As we build data over time, it can also start to simulate and use AI and help come up with solutions. The industries that are most interested in this are the ones with the highest capex as this speeds up things.

If you’re a battery manufacturer today, you’re probably sold out for the next six years. Your biggest issue is you cannot build these plants fast enough, each plant costing €5 billion or more. Once you have created them, you probably have a utilisation of 70-80 percent, which is far from the 100 percent that you need. You’re going to have huge operational issues.

The digital metaverse allows you to design the plant, simulate it, and optimise it digitally, and then take up construction, which makes the commissioning faster and more efficient. It’s like you’re turbocharged, and run much faster than everybody else.

Siemens had started its digital business before Covid hit. The pandemic expedited digital adoption across industries, and you had an early mover’s advantage. Now, in the last three years, there are many companies that have entered the industrial digitisation space; has it become more competitive?

Koerte: You’re right on both counts. Everybody’s building digital competencies. We started in 2006, spent €14 billion on M&A alone, and if you add all the R&D investments, it’s going to be more than €20 billion. If you now start to do this, at today’s prices, it’s going to be twice or thrice as much. The company that we bought in 2006, today you have to pay four times more as valuations have increased. We have a huge head start, in that sense. So do we become complacent? Absolutely not, because everybody will try to get in on this. We need to be fast. Our digital revenue is at €6.5 billion (as on September 2022); we expect to report a CAGR of 10 percent till FY2025.

How much more investment are you looking to make in this space?
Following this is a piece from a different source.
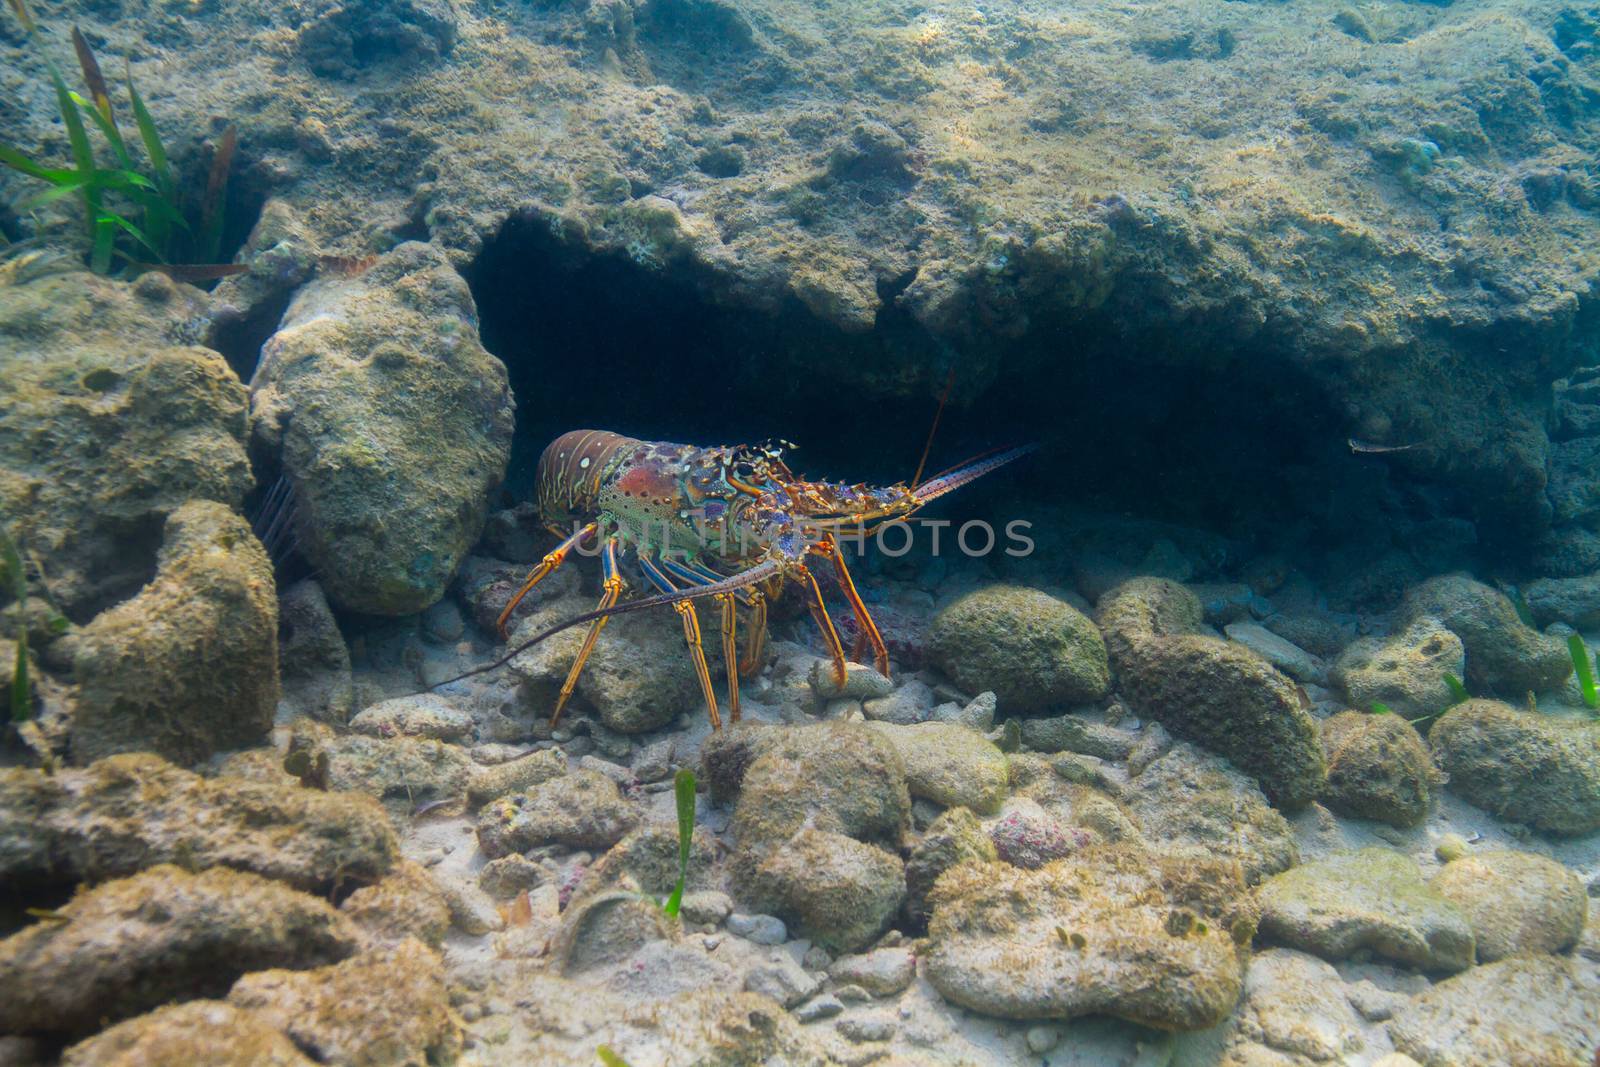 Panulirus argus lobster by mypstudio

I cannot give you a number. Maybe every year we will invest a billion euro at least in M&A (mergers and acquisitions). M&A is cyclical, it always depends on what targets are available.
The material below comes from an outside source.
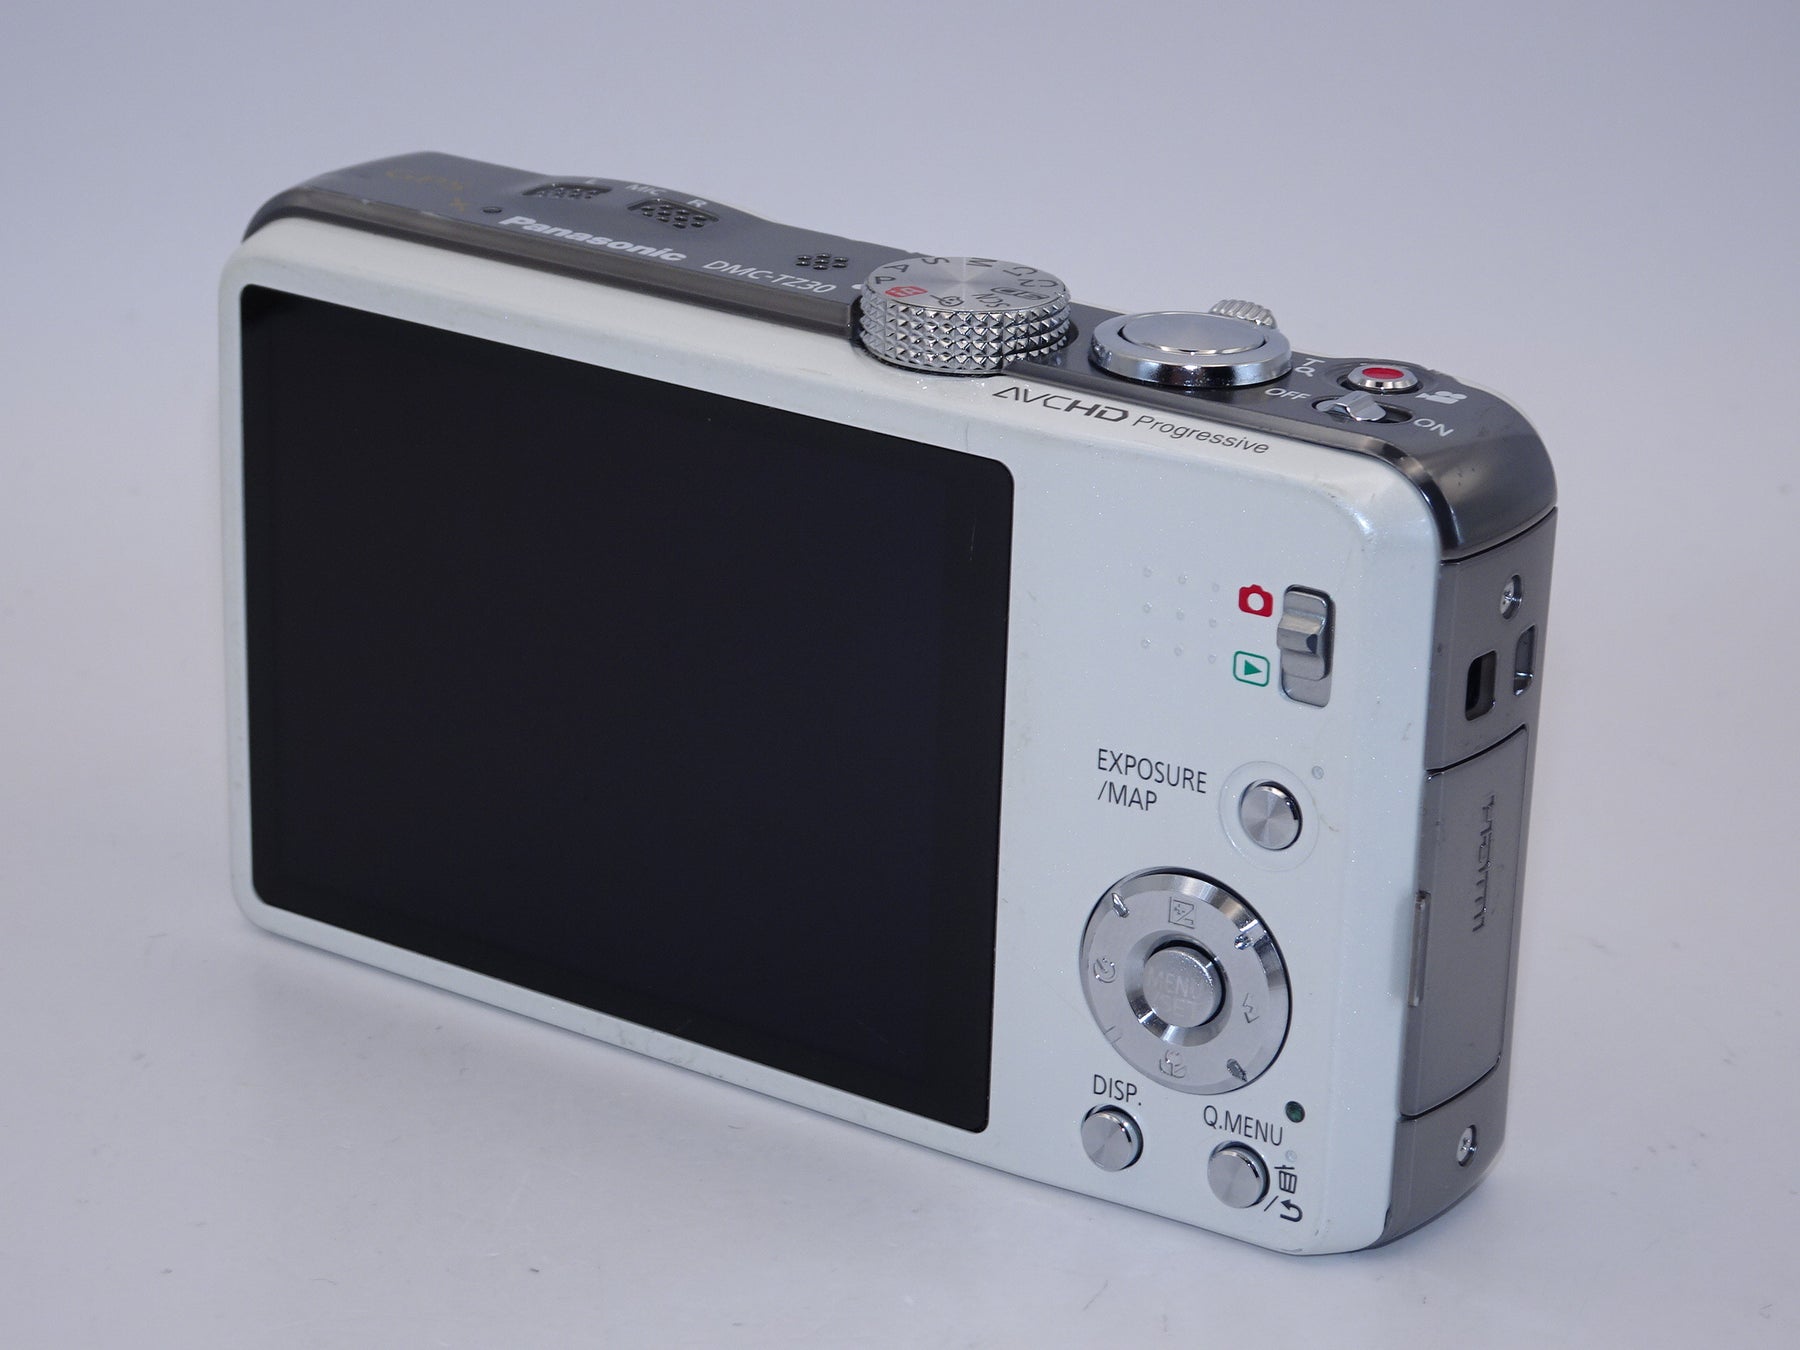 【外観並級】パナソニック デジタルカメラ ルミックス TZ30 ホワイト DMC-TZ30-W

Siemens Xcelerator has announced four partners, including Tata Consultancy Services (TCS), in India. What role would they play and are you looking at adding more partners?

Koerte: We are doing this to provide better service to our customers. It makes a lot of sense to have pre-integrated solutions because then you don’t have to do it over and over again. We have a partner, we have a relationship with the customer, and we can bring this all together. So it makes us much more valuable to our customers.

Mathur: We have got system integrators, partners who stitch everything together, and we concentrate more on what we can scale. If we were a closed system, then he wouldn’t be able to adapt to a customer’s specific requirements, but Xcelerator is an open system, and it allows different systems to talk to each other.

When you look at the Indian market, what are the biggest opportunities here?

Mathur: India has always been a fast-mover on digitisation. We are, more or less, digital natives. There is massive adoption by data centre users, global as well as local. Pharmaceutical companies who are now connected to the US are using digitisation to develop higher quality local drugs over here. The entire food supply chain will also start getting digitised.

The large companies, the Unilevers, the Nestles, the Tatas, etc., they can only do so much within their companies. They have to get connected to their supply chains. There are companies that are now dictating that they want their supply chains to be linked so that they can extend their efficiencies to their end customer. It is still slow, but it will gather momentum.

What about the challenges in India?

Mathur: I think the challenge is how do we get this to the small and medium enterprises. There are issues of regulations, cyber security, etc. At some point you’re going to need industrial 5Gs, and those requirements are also under discussion. Cyber security laws are a critical part; there are conversations going on there.

But broadly, the market is there, and the demand is there — those are not hindering factors. They are not slowing down adoption.